Consider Lease Financing Your Next Technology Acquisition
Since leasing remains the single most widely used method of external finance, you may want to consider lease financing your next acquisition. Leasing is an integral element in the total lifecycle solution. In addition, it affords businesses the ability to acquire the equipment needed to meet the competitive demands of today’s business environment.
Explore these additional reasons why leasing through CBTS Financial Services is a more viable option than expending your corporate capital.
Leasing impacts your bottom line because it ... >>
- Eliminates down payments through 100 percent financing
- Offers fixed rate, fixed payment financing
- Offers lower scheduled payments
- Drives periodic equipment evaluation
- Enables upgrades without refinancing
- Improves liquidity, leverage, solvency and profitability ratios
Leasing with CBTS Financial Services improves your business because ... >>
- Capital is retained, which can be utilized elsewhere in your business
- Credit is preserved: A lease is not a loan. Borrowing reduces available credit, whereas leasing is a new source of credit that will allow you to keep bank lines of credit open for future needs.

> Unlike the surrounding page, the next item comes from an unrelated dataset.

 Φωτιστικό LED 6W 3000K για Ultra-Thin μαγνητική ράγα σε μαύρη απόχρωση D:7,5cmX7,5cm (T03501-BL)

- Acquisitions not contemplated by a budget can be accomplished through leasing. To acquire computers through a lease, which is an operational expense rather than a capital outlay, is generally much easier to manage from a cash flow perspective.
- Obsolescence is eliminated: If you do not own a computer, you won’t keep it beyond its useful life. If bought, the depreciable life may be longer and you may use it past the point where better, more efficient computers would benefit your business.

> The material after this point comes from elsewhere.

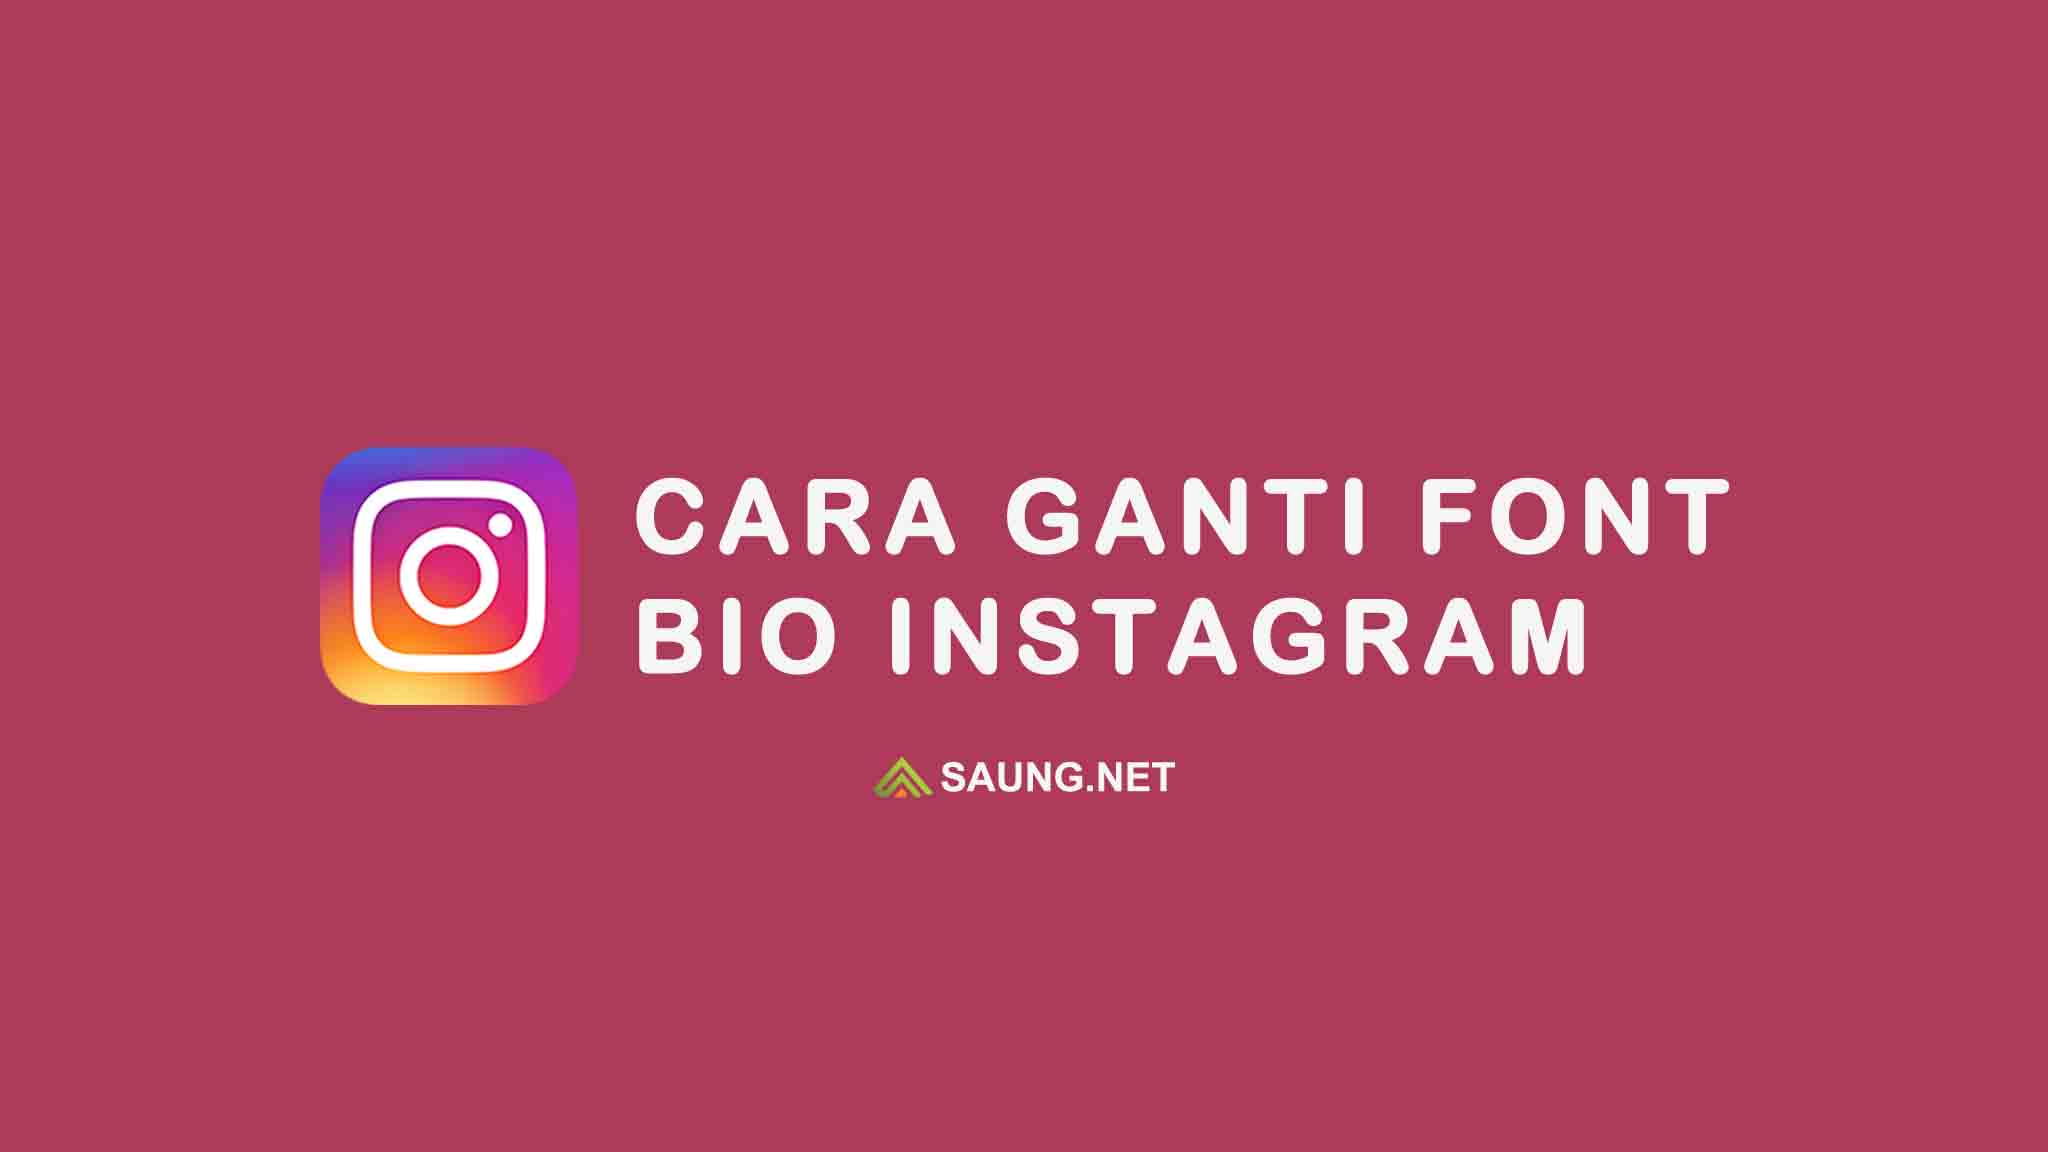 Cara Ganti Font Bio Instagram Supaya Lebih Menarik Dan Unik

- Tax benefits are realized. True lease payments are generally 100 percent tax deductible as an operational expense. If you borrow funds to acquire the equipment, only the interest and the depreciation allowed each year by the IRS can be deducted. Consult your tax counsel for specific recommendations.
- Normally, 100 percent financing is available and lease terms can be structured beyond normally available loan terms.